New solution: After taking the per-light images, take another picture that has all the lights on (or a few pics of various known combos). Then solve for the scale factors on each light's image that would lead to the measured combo image. Each pixel in the allLights image is a combination like this:

scale1*light1(x,y) + scale2*light2(x,y) + ... = scaleAll*allLights(x,y)

There are a lot more pixels in each image than there are unknown scale factors, so this should be solvable. Once we figure out the scale factors, we can start making accurate sums of the input images.

 

2008-10-19T01:53:10 Running firefox 3.1 under 64-bit ubuntu:

If you get firefox 3.1 and try to run it on a 64-bit ubuntu hardy install, you'll probably get this failure:

./firefox-bin: error while loading shared libraries: libdbus-glib-1.so.2: cannot open shared object file: No such file or directory

  1. Go get the i386 version of libdbus-glib and save the .deb file somewhere.
  2. Run "file-roller /tmp/libdbus-glib-1-2_0.74-2_i386.deb".
  3. Go into data.tar.gz -> . -> usr -> lib, and copy libdbus-glib-1.so.2.1.0 to your firefox 3.1 directory.
  4. Rename it to lose the ".1.0" at the end.

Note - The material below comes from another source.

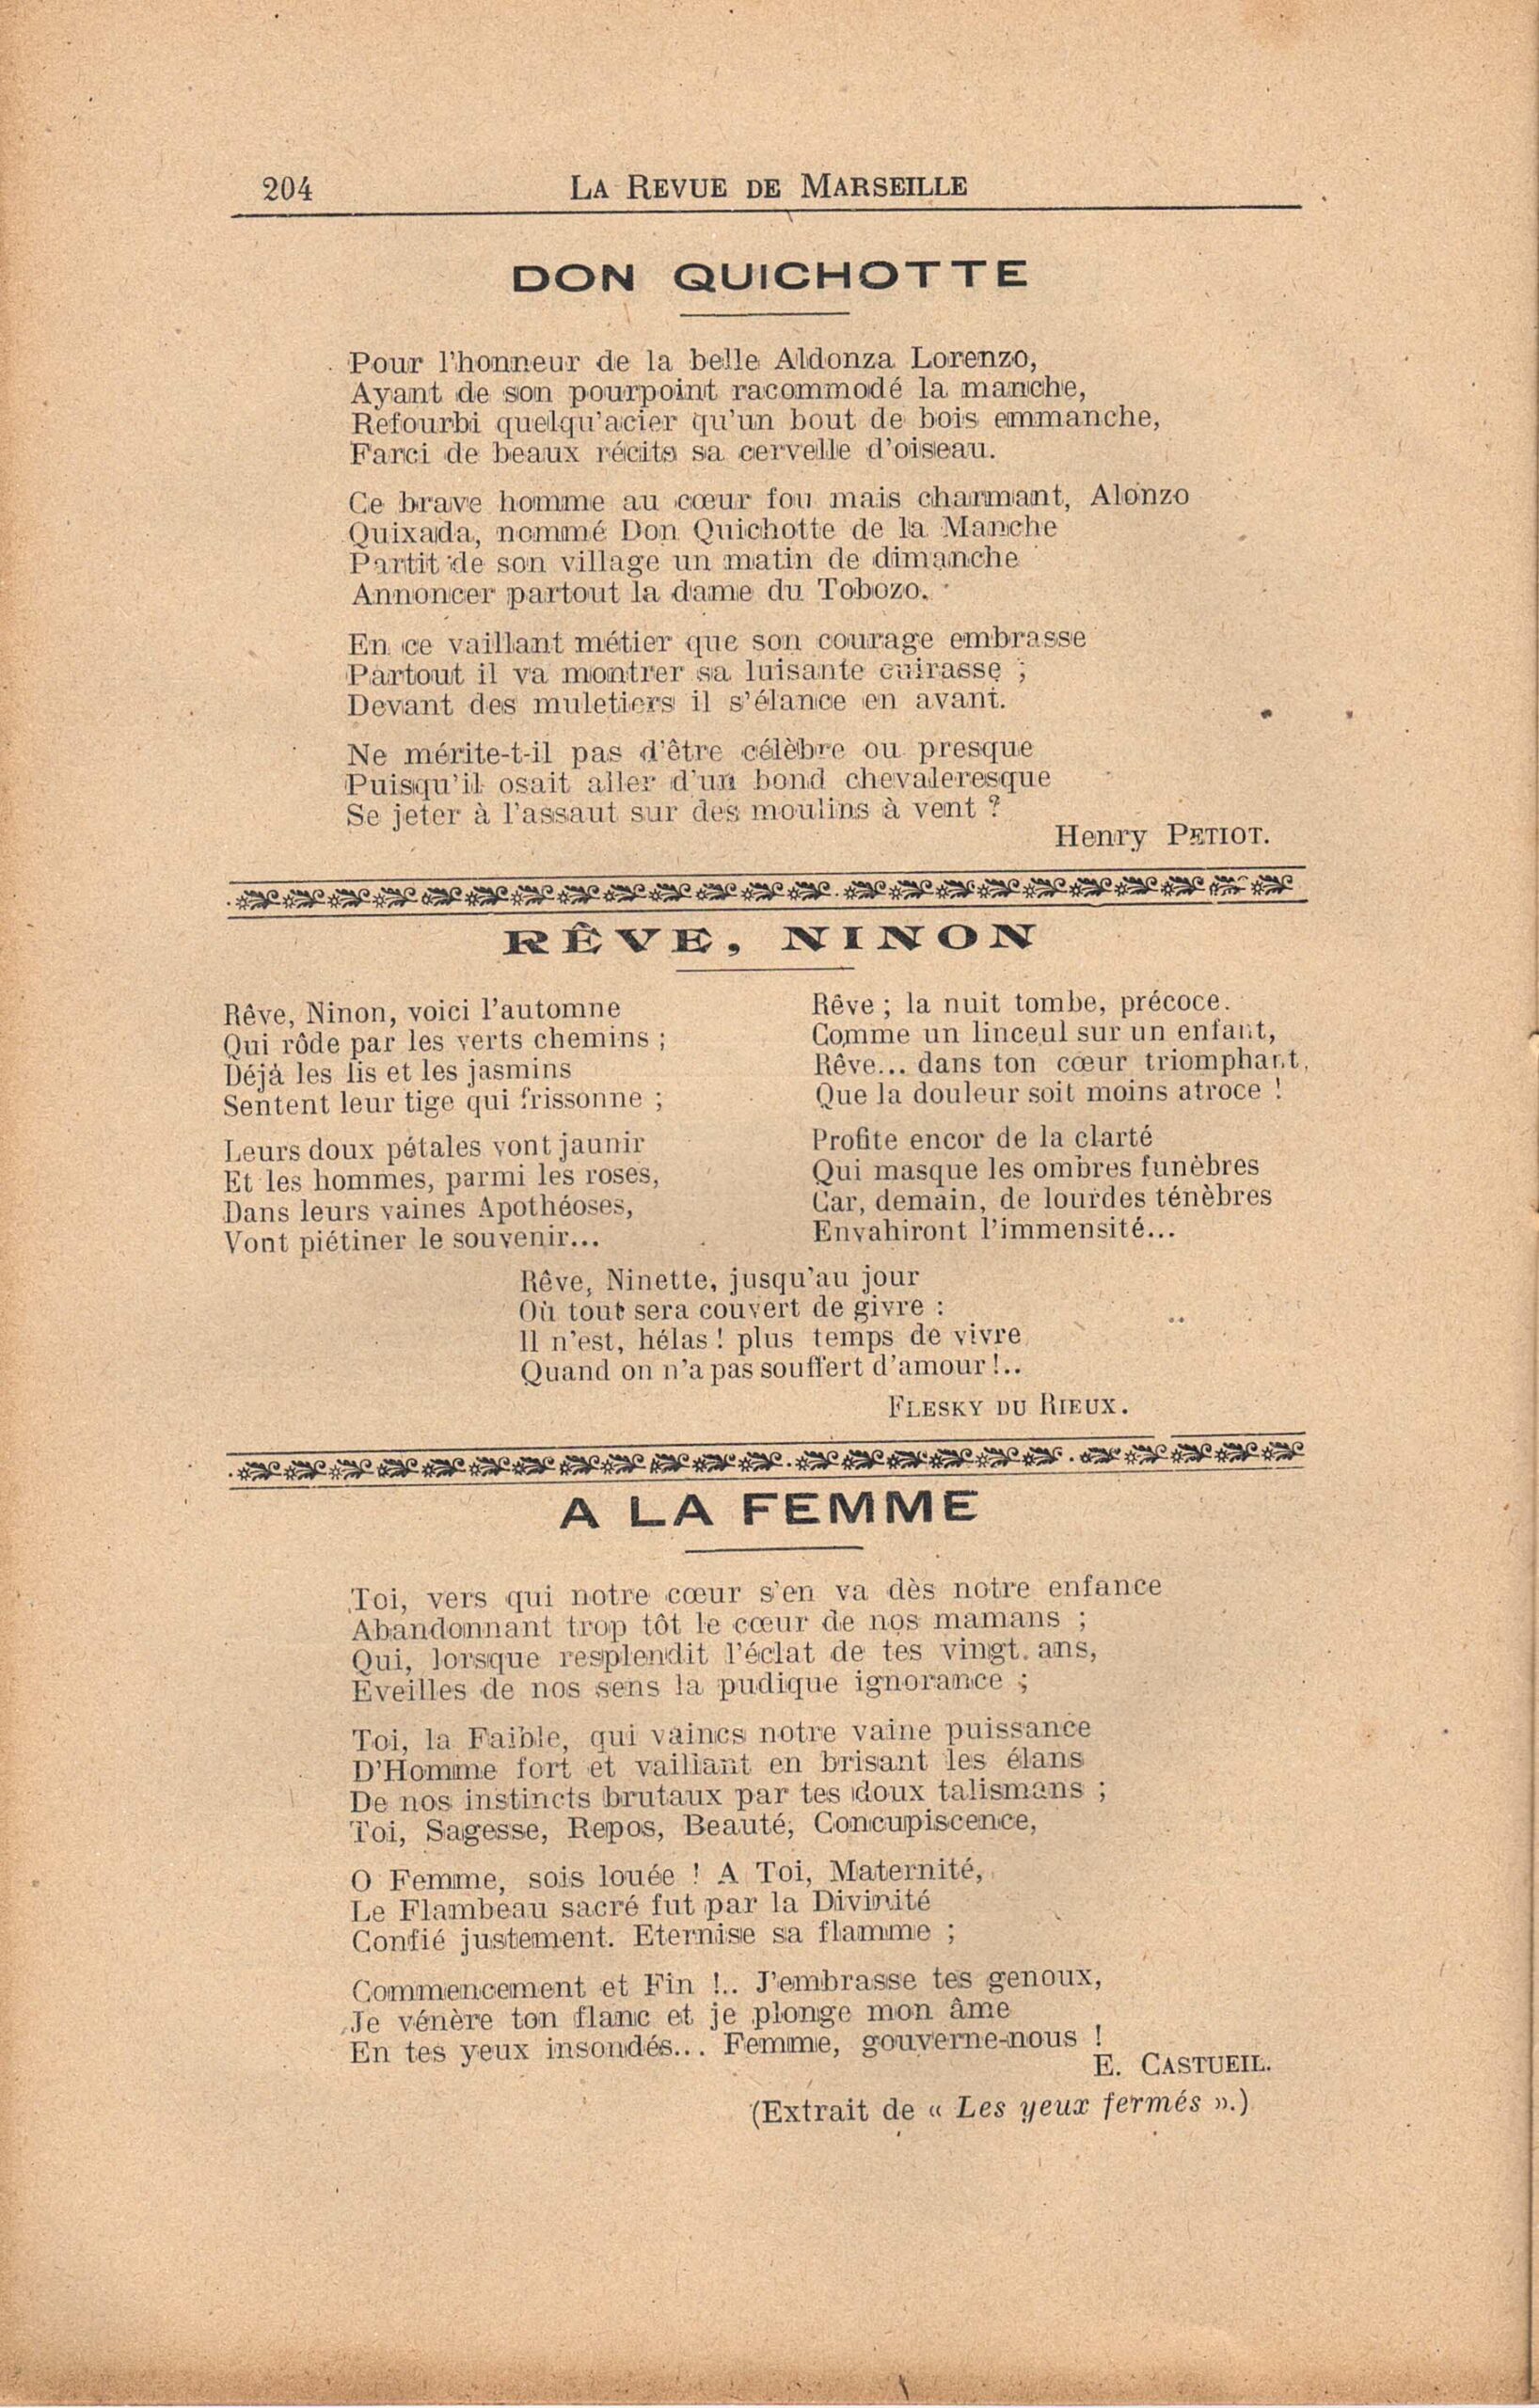 1919 12 28 La Revue de Marseille numéro 7 Don Quichotte
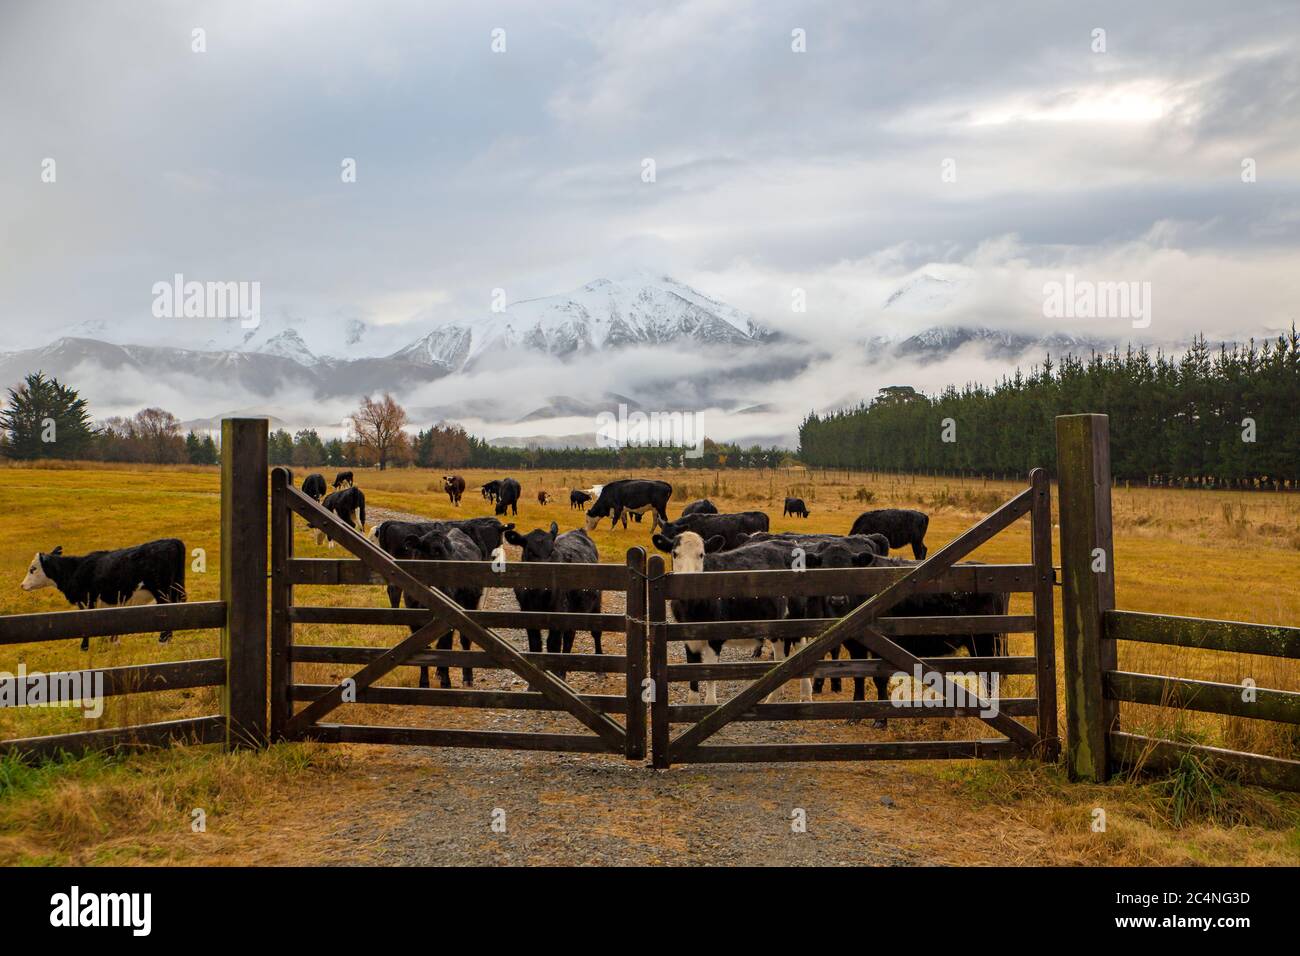 Une ferme pluvieuse d'hiver en Nouvelle-Zélande, avec des bovins derrière une porte de ferme en bois et des montagnes enneigées en arrière-plan Banque D'Images

Now you should be able to test firefox 3.1 and play some of the videos from here. The one called 'video embedded in svg' is impressive, although on my system I only got one video at a time and the audio sync drifted. See this screencast (or youtube) for what it should look like.

2008-10-26T17:58:40 Positioning via wifi strength:

Because I just re-fixed the wifi on one of my laptops and because I just read this idea for estimating position by wifi signal strength, I started measuring the strength of my two APs and some neighbor ones as I walked around my house. The result looks like this:

I'm getting close to having my hardware arranged well enough that 4 rooms will each have their own music servers. Everything I read recommends putting all your servers together in one closet, for wiring reasons. But if I'm going to have audio, light control, and other sensors everywhere, it seems like a win to spread the computers out around the house.

There will also be a few bluetooth sensors on those machines which could let me find the position of items like guests' cell phones. I hear the signal-strength resolution on those is much worse, but just knowing who is anywhere near the house is pretty good.